/gdemux

demultiplex into groups (subsets) rather than individual sample files, by barcode

Primary LanguagePythonThe UnlicenseUnlicense

Grouped Demultiplexing

We need to demultiplex, but want groups of barcodes to be joined into a single FASTQ file. And we want it to be easy.

This will demultiplex FASTQs using fastq-multx (conda install -c bioconda fastq-multx) then cat them into grouped FASTQs rather than individual samples. The grouped FASTQs are validated by total count against the individual sample sum.
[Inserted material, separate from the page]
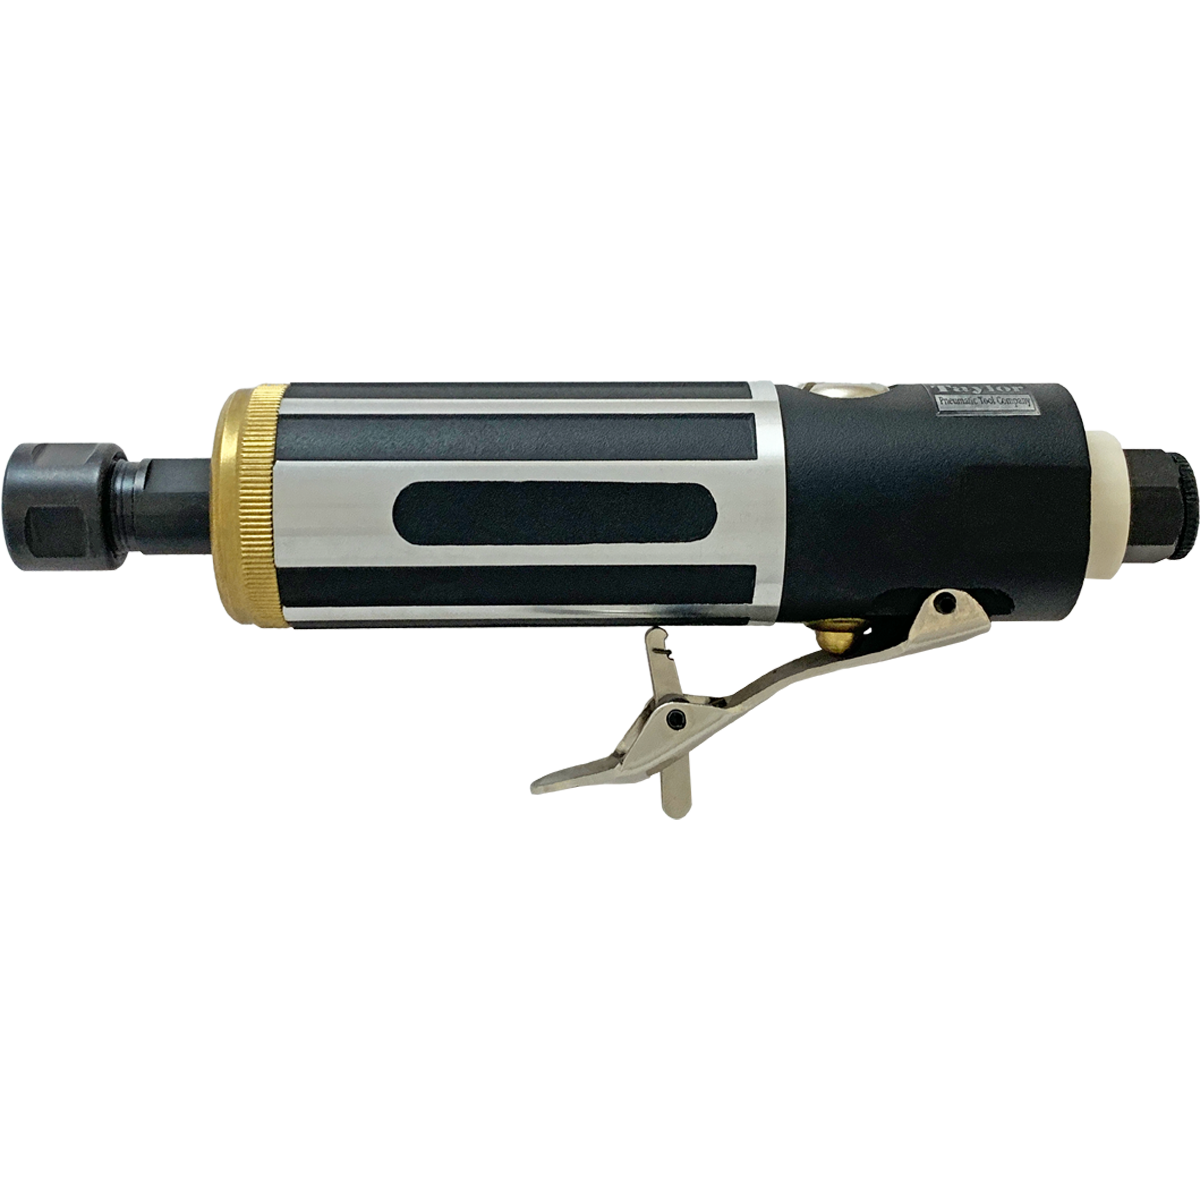 6mm Heavy Duty Pneumatic Die Grinder, Air Pressure: 50-100 psi at

This effectively subsets 'Undetermined' into smaller groups of 'Undetermined' files.

Group Named Output Files

Setting --output-action to "groupid" and running:

$ gdemux -a groupid -o out test_R1.fastq test_barcodes.txt
[2016-08-03 17:00 INFO] Found 10 samples across 3 groups within test_barcodes.txt
[2016-08-03 17:00 INFO] Demultiplexing (mismatches=1, distance=2, quality=0)
[2016-08-03 17:00 INFO] Joining reads across groups
[2016-08-03 17:00 INFO] Validating group read counts with sample counts
[2016-08-03 17:00 INFO] Processing complete

$ tree out
out
├── group1_I1.fastq
├── group1_R1.fastq
├── group1_R2.fastq
├── group2_I1.fastq
├── group2_R1.fastq
├── group2_R2.fastq
├── group3_I1.fastq
├── group3_R1.fastq
└── group3_R2.fastq

Undetermined Subsets as Output Files

Setting --output-action to "undetermined" and running:

$ gdemux -a undetermined -o out test_R1.fastq test_barcodes.txt
[2016-08-03 17:01 INFO] Found 10 samples across 3 groups within test_barcodes.txt
[2016-08-03 17:01 INFO] Demultiplexing (mismatches=1, distance=2, quality=0)
[2016-08-03 17:01 INFO] Joining reads across groups
[2016-08-03 17:01 INFO] Validating group read counts with sample counts
[2016-08-03 17:01 INFO] Processing complete

$ tree out
out
├── group1
│   ├── Undetermined_I1.fastq
│   ├── Undetermined_R1.fastq
│   └── Undetermined_R2.fastq
├── group2
│   ├── Undetermined_I1.fastq
│   ├── Undetermined_R1.fastq
│   └── Undetermined_R2.fastq
└── group3
    ├── Undetermined_I1.fastq
    ├── Undetermined_R1.fastq
    └── Undetermined_R2.fastq

Example Metadata

groupid barcode
group1 AAGGCGCTCCTT
group1 GATCTAATCGAG
group1 CTGATGTACACG
group2 ACGTATTCGAAG
group2 GACGTTAAGAAT
group2 TGGTGGAGTTTC
group3 TTAACAAGGCAA
group3 AACCGCATAAGT
group3 CCACAACGATCA
group3 AGTTCTCATTAA

Extra columns can exist and differing column names can be used though they will need to be specified on the command line as --group-id and --barcode.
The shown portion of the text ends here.